Aubrey glanced down at their hands, smiling wryly to herself at the reminder of Stacie's dedication to cuticle care, and then visually traced up Stacie's arm, finally landing on Stacie's expectant gaze. "You'll probably be celebrating your victory at semifinals."

"And I'd love to be able to celebrate with you." Stacie countered.

Aubrey smiled at her, and leaned down to kiss her. "I'd like that."

Stacie released Aubrey's hand so she could bring her hands to cup either side of Aubrey's head, holding her close. "You might want to file some leave time."

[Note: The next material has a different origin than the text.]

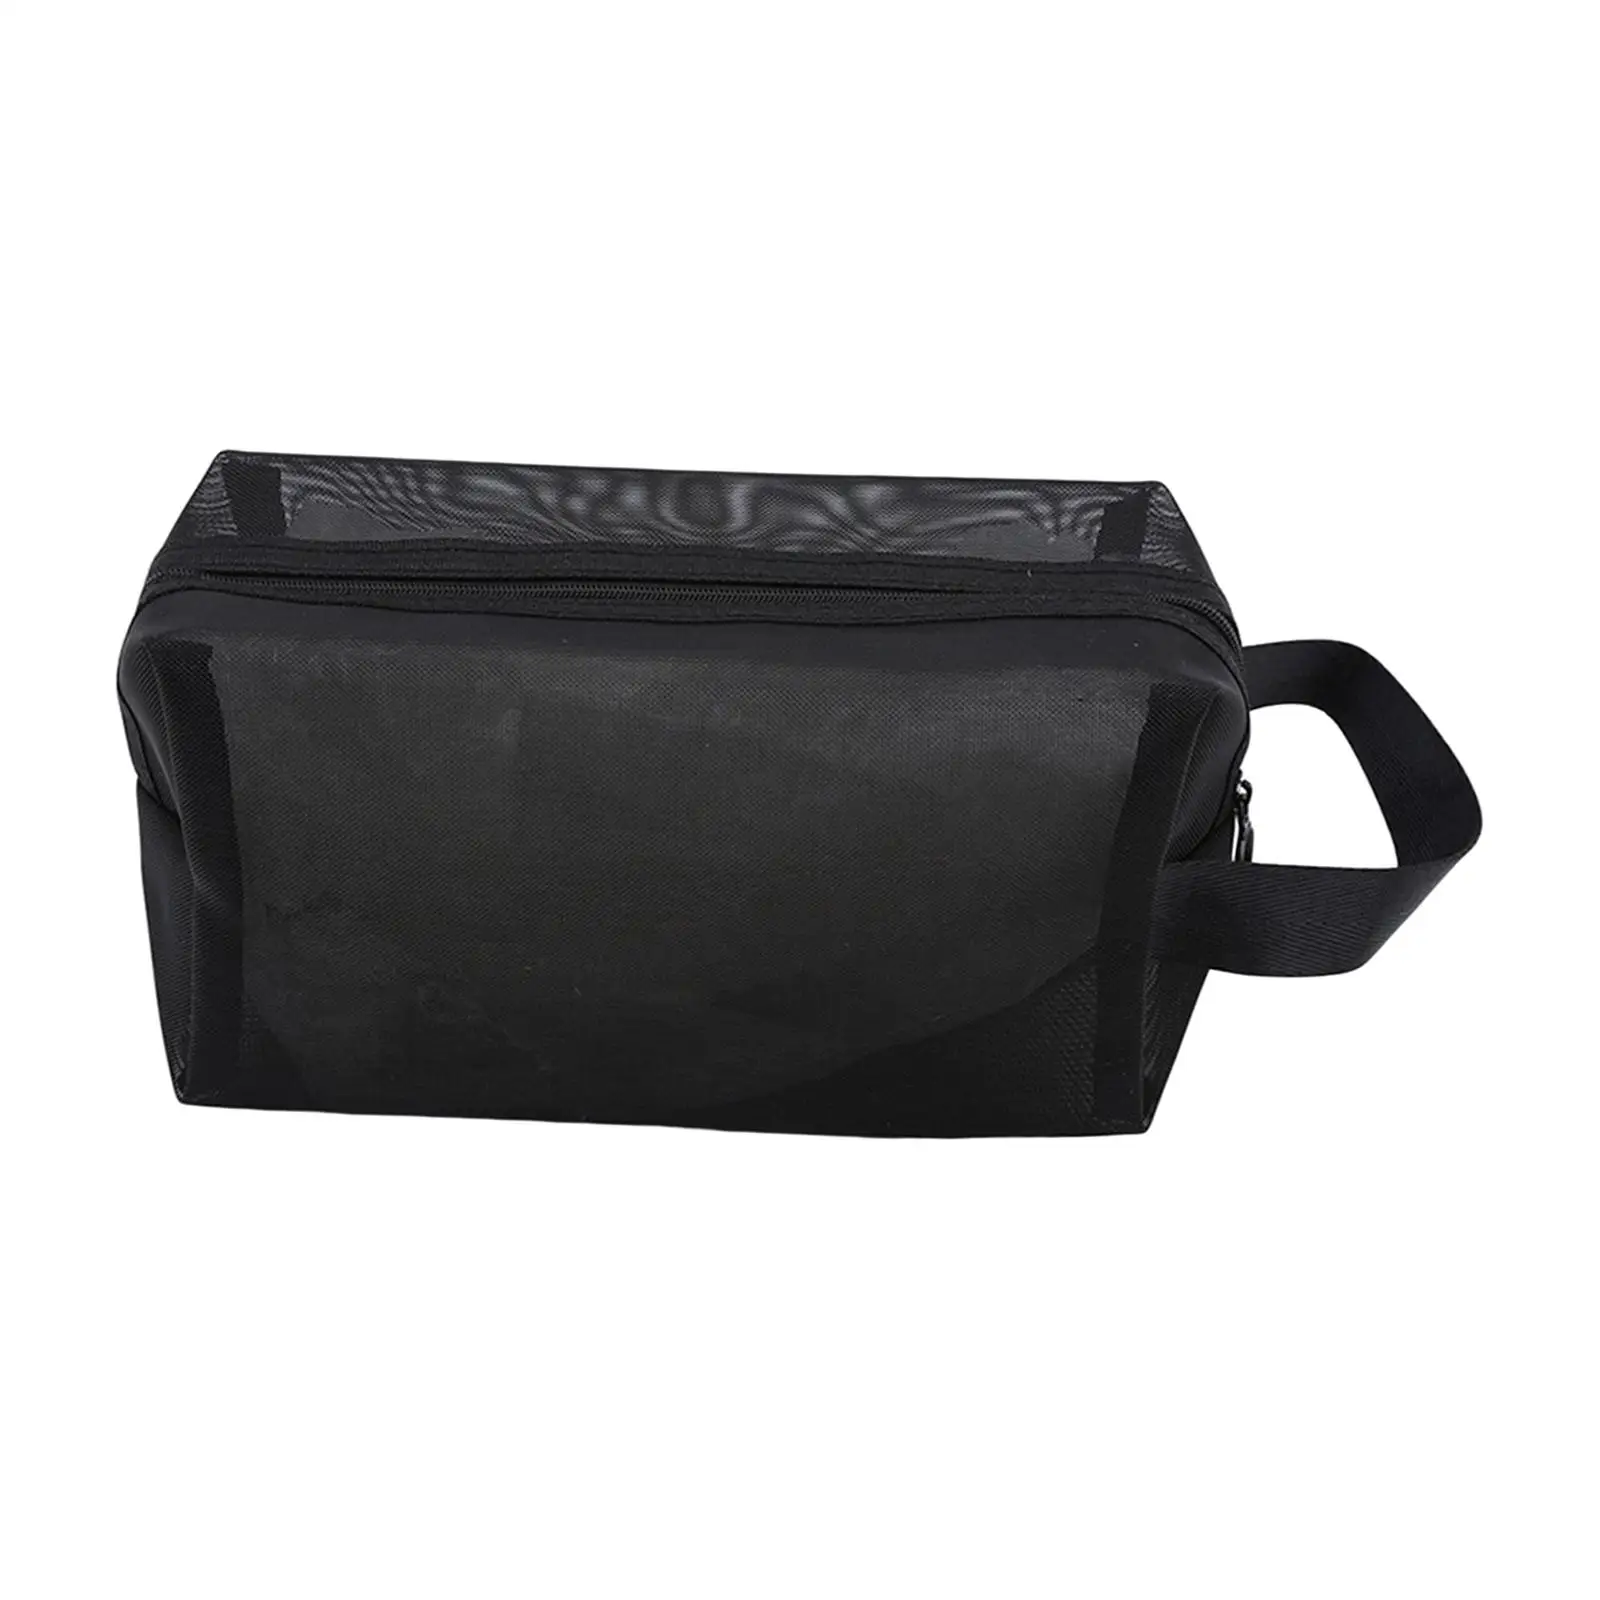 Mesh Cosmetic Bag Multifunction Portable Black for Accessories Bathroom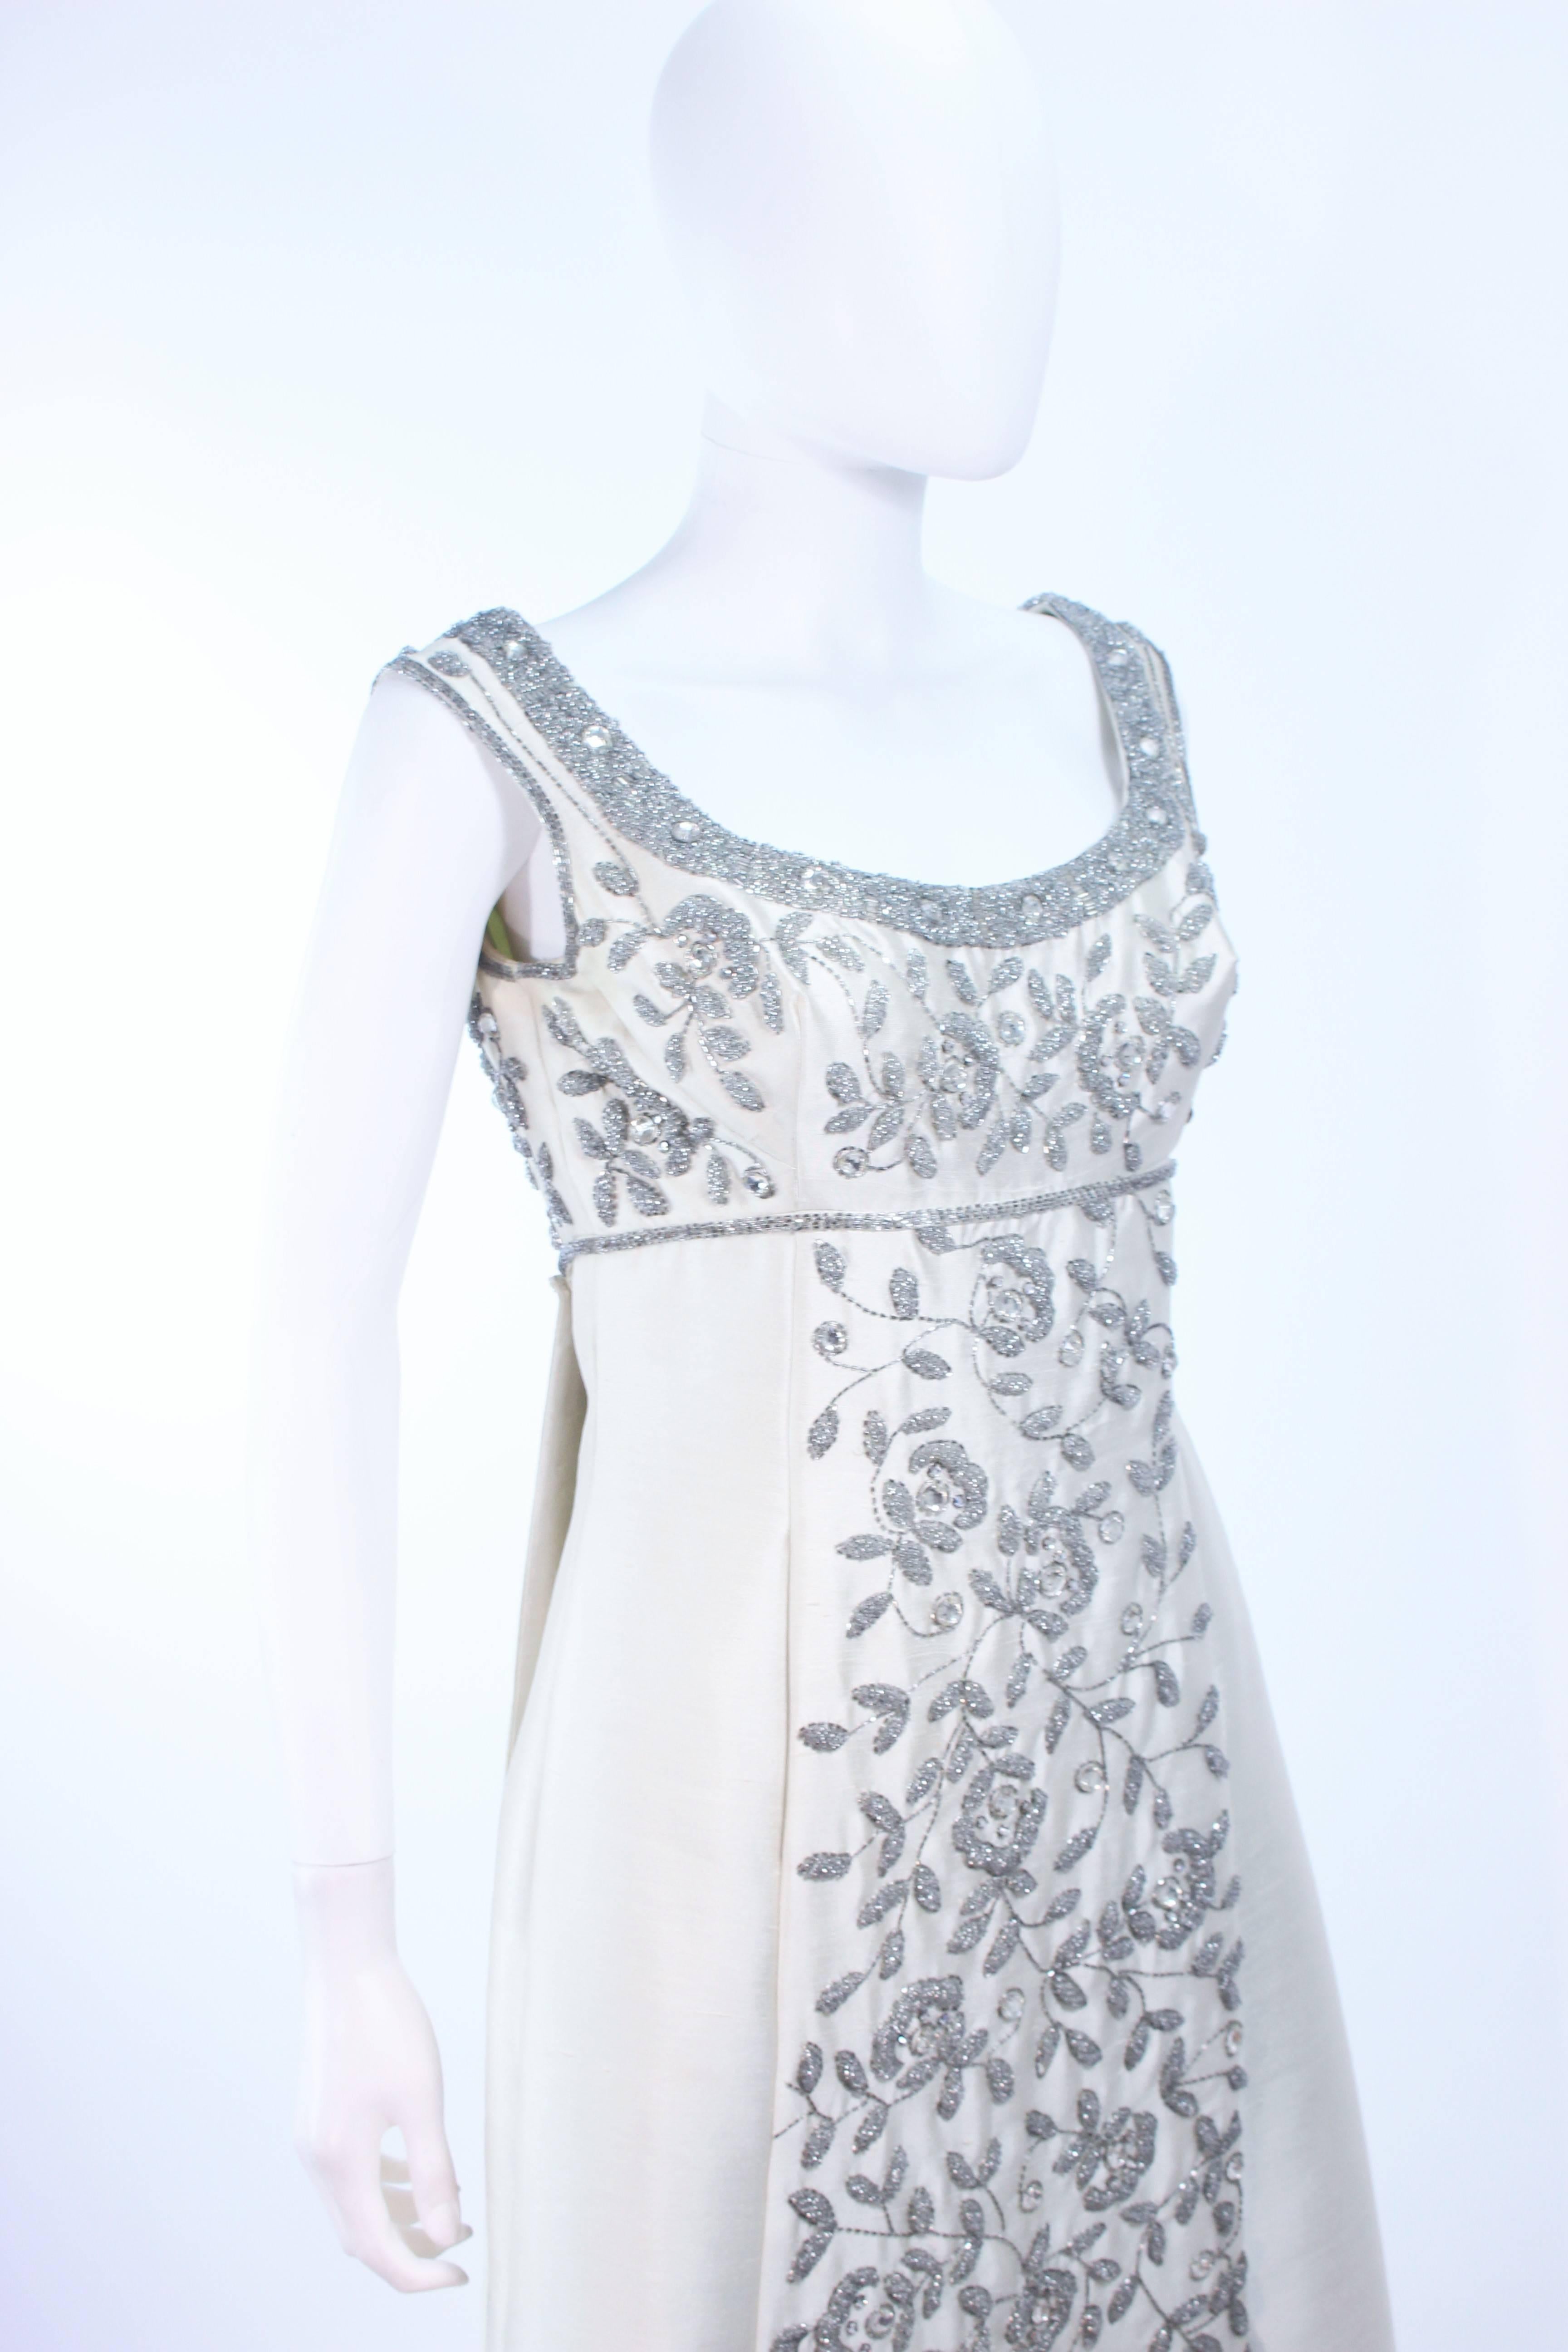 Women's LILLIE RUBIN 1960's Off White Raw Silk Gown with Rhinestone Embellishment Size 4

Aubrey placed one hand on the bed beside Stacie's head to leverage her weight, and she couldn't help but arch an eyebrow with a smug coyness. "Oh? Are we going somewhere?"

"No," Stacie smiled, before kissing Aubrey again. "I might not let you out of your bed."

Aubrey chuckled against their kiss. "I'll look forward to it."

After a few more series of kisses, Aubrey's phone interrupted again, making Stacie groan into their kiss. "Ignore it."

"I might miss my flight." Aubrey murmured, but didn't make a move to heed her phone's alarm.

"I'm not seeing a problem."

Aubrey slid a hand to Stacie's back, and pulled her along as she sat back up, and immediately resumed their kiss. "I'm going to miss you."

Stacie sighed into their kiss. "I'll miss you more."

They have been through this enough times in the past for the dance to be familiar, but this was the first time the concept of next time felt vague and abstract. In the past, they had always both known that Aubrey would find a way to be within traveling distance to meet Stacie, it was only a matter of when. They didn't have that this time around.

So if their kisses got a little desperate and needy, it was an accurate reflection of how they felt.